Keep in mind that the reporter said it was 10 deg the next morning
when he got in the S. Since he is in USA, this must be Fahrenheit
so it is a below-freezing temp.
Li-Ion cannot charge (without damage) below zero, so the battery
pack protects itself from damage by self-warming.
It is (as said before) silly of Broder to park the S without
plugging it in overnight and to ignore that the S will need
energy to stay warm in below freezing temps.

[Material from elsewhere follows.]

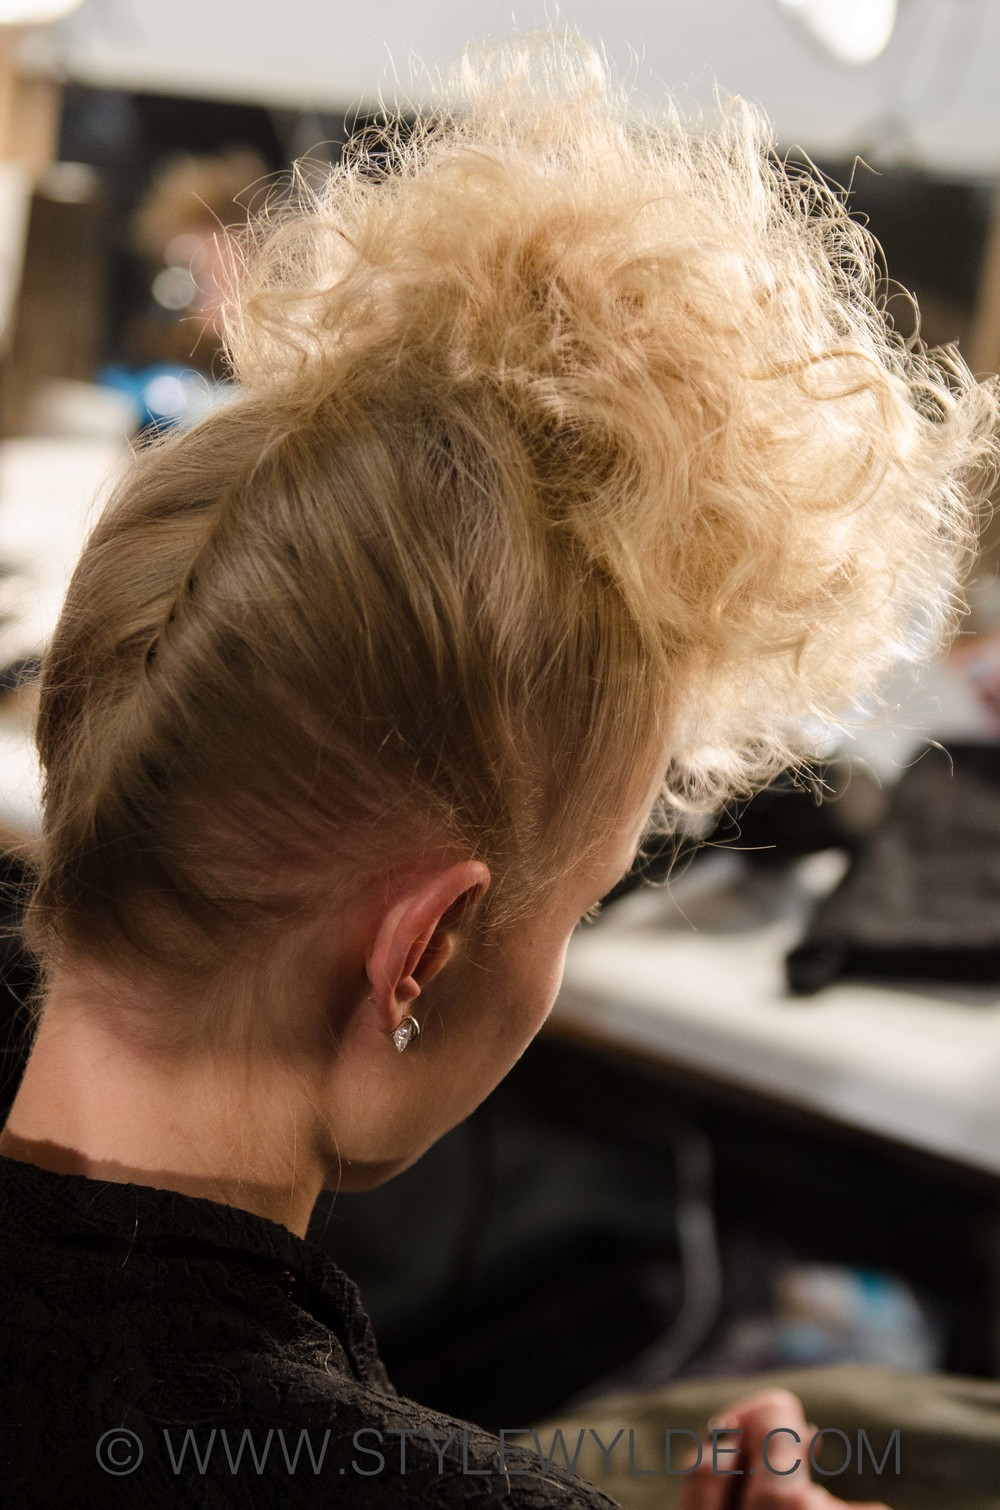 Stylewylde_KatyaLeonovich_Hair_FW2014_CA 1 of 1.jpg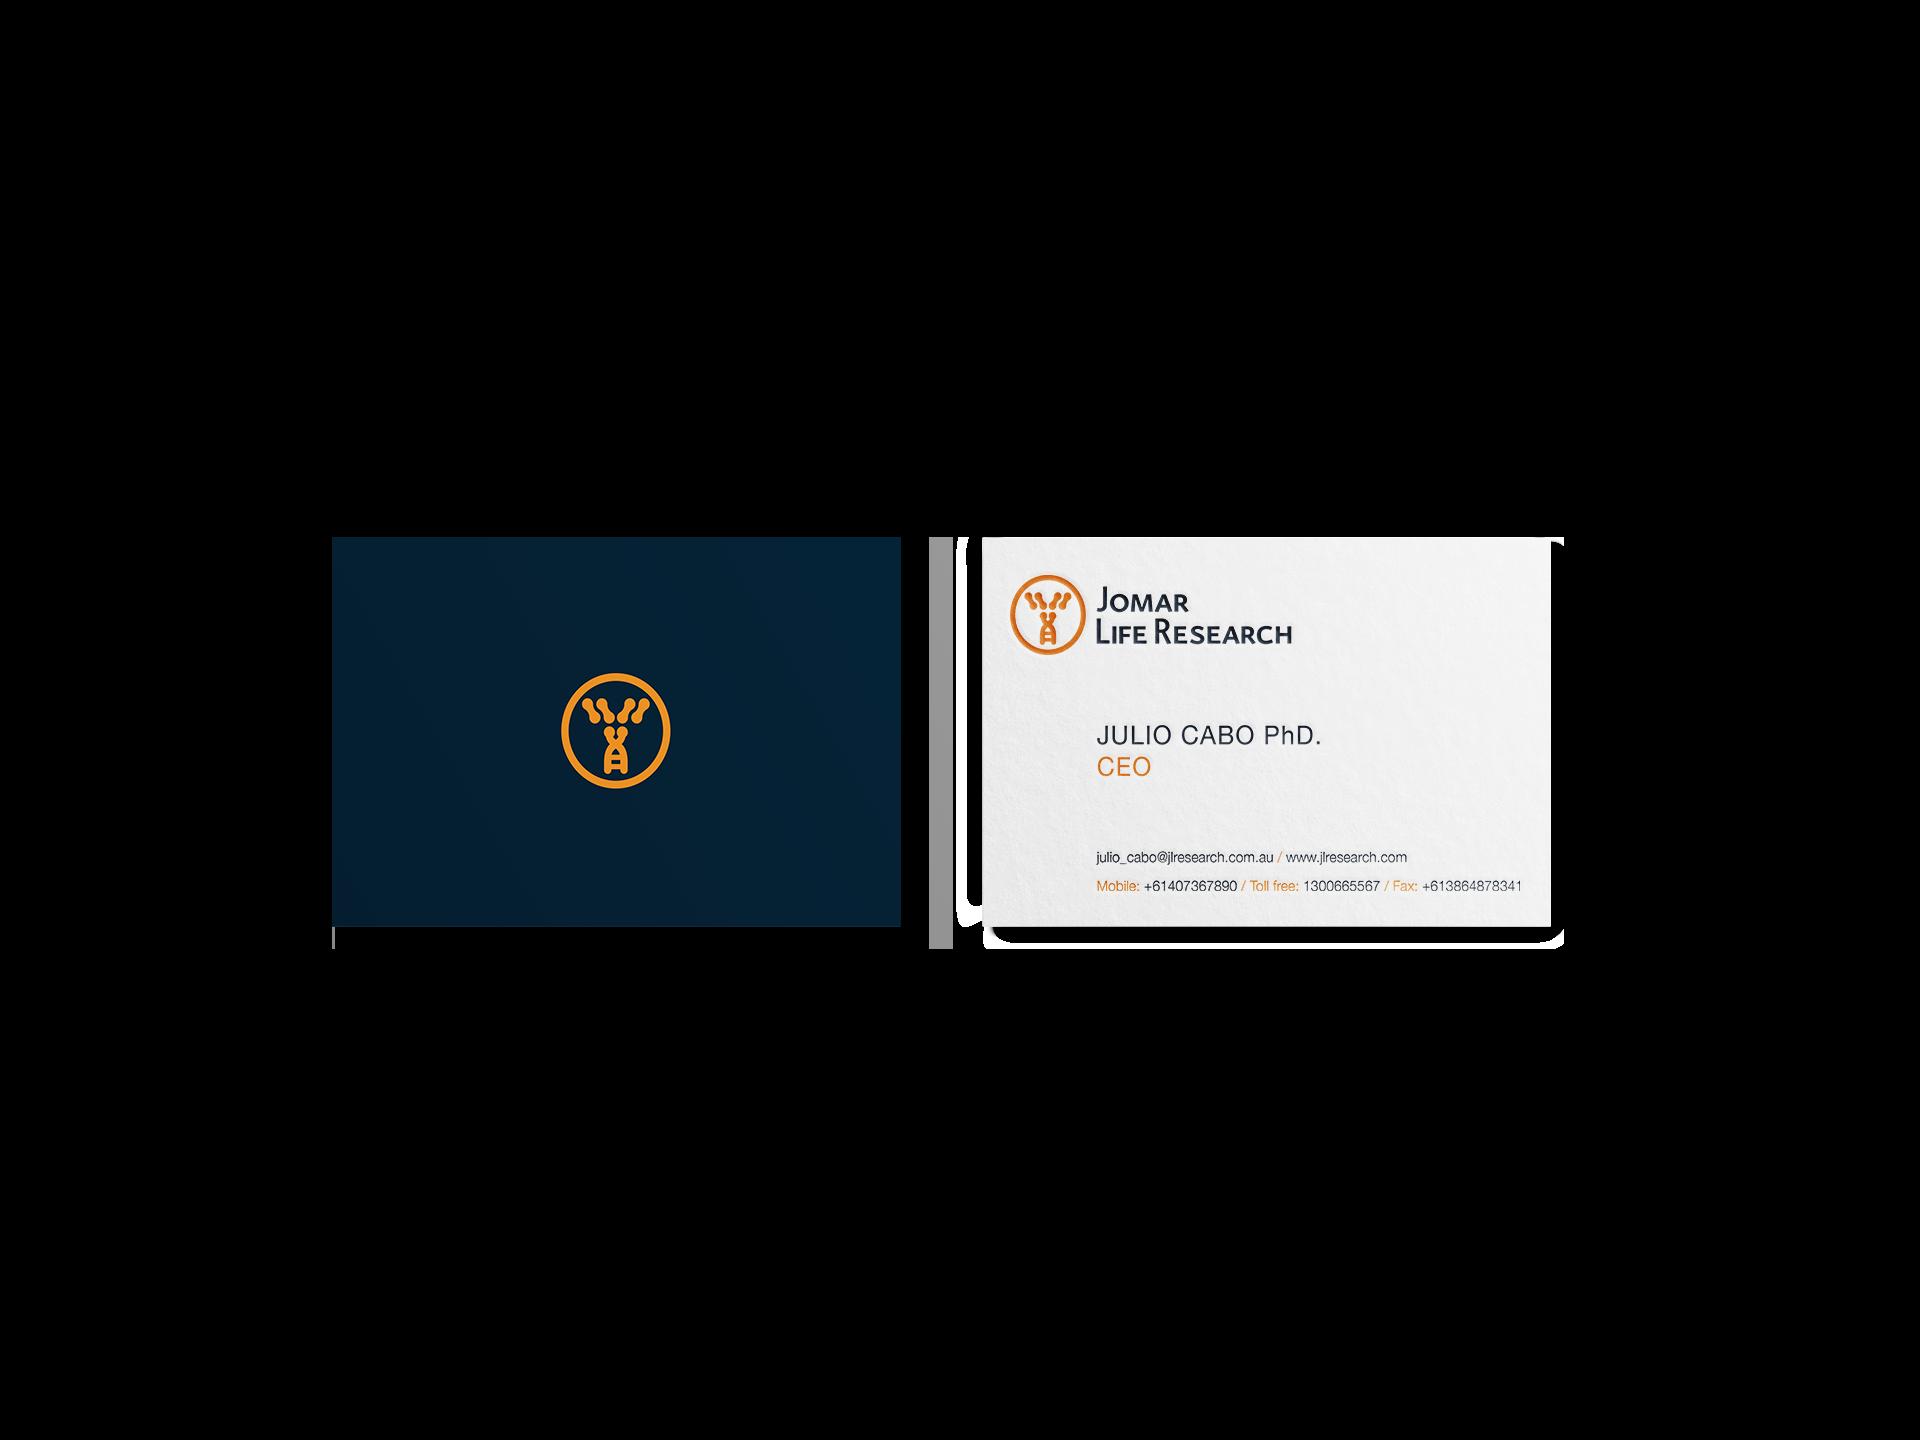 Jhonatan_Medina_Caguana_JLR_CARD_2

It is comparable to driving into the desert with barely enough
energy to come back out and parking your car on a nice vista point 
where you can sit for a couple hours to watch wildlife and the 
scenery, but because it is so excessive hot you run the AirCo 
while sitting still, without considering that the energy for it 
will come from the fuel that you need to get back out, then
complain that you had to call a tow truck to rescue you....
from what? your own stupidity?

Cor van de Water
Chief Scientist
Proxim Wireless Corporation http://www.proxim.com
Email: [email protected]    Private: http://www.cvandewater.com
Skype: cor_van_de_water     XoIP: +31877841130
Tel: +1 408 383 7626        Tel: +91 (040)23117400 x203



-----Original Message-----
From: [email protected] on behalf of Lawrence Winiarski
Sent: Mon 2/18/2013 5:34 PM
To: Electric Vehicle Discussion List
Subject: Re: [EVDL] Tesla...lost how much charge overnight? 25%??? 60 miles??
 


Subject: Re: [EVDL] Tesla...lost how much charge overnight? 25%??? 60 miles??
 
>Probably none of (a) to (e)... and most likely it isn't really that high a 
>drain, it's just that range........
I'm not even talking about the range computation here.   I'm talking about the 
SOC data.   That's where I got the 500 watts.  


I didn't realize they would use the battery to warm itself.   That seems rather 
foolish to do when the car is nearly discharged.  A warm
battery but nowhere to go. 

But if thermal is important, (which I'm not sure it is), if you did,  it would 
make a lot of sense to make sure the batteries were very well insulated.

A 500 kg  battery pack has a lot of thermal mass and if properly insulated it 
could stay warm for 24 hours with no energy at all.  

500 kg at 1000 J/deg C has about 500,000 joules per deg C
1 square meter of insulation at R1 (metric units) would let 3600 
joules/hour/deg C.   If you had 6 sq meters of area  and 1 inch of foam (about 
R1 metric units) 
and a 10 deg C difference, that would be 216,000 J/hour or about 1/2 deg C/hour 
natural cooling.   And if you wanted to heat it to keep
it steady state,  216,000 J/hour is only 60 watts. 

I've never bothered with heating my batteries, and so far they've worked pretty 
well when it's cold.

As another thermal aside, most electric cars seem to have a resistance heater 
inside the cabin, but some sort of active cooling for the motor.   Now doesn't

that sound kind of foolish too?   Why not at least provide an option to duct 
the heat off the motor into the cabin like an ICE.    I'm guessing there is 
1-2kw
of waste heat coming off the motor that could be used in cold weather.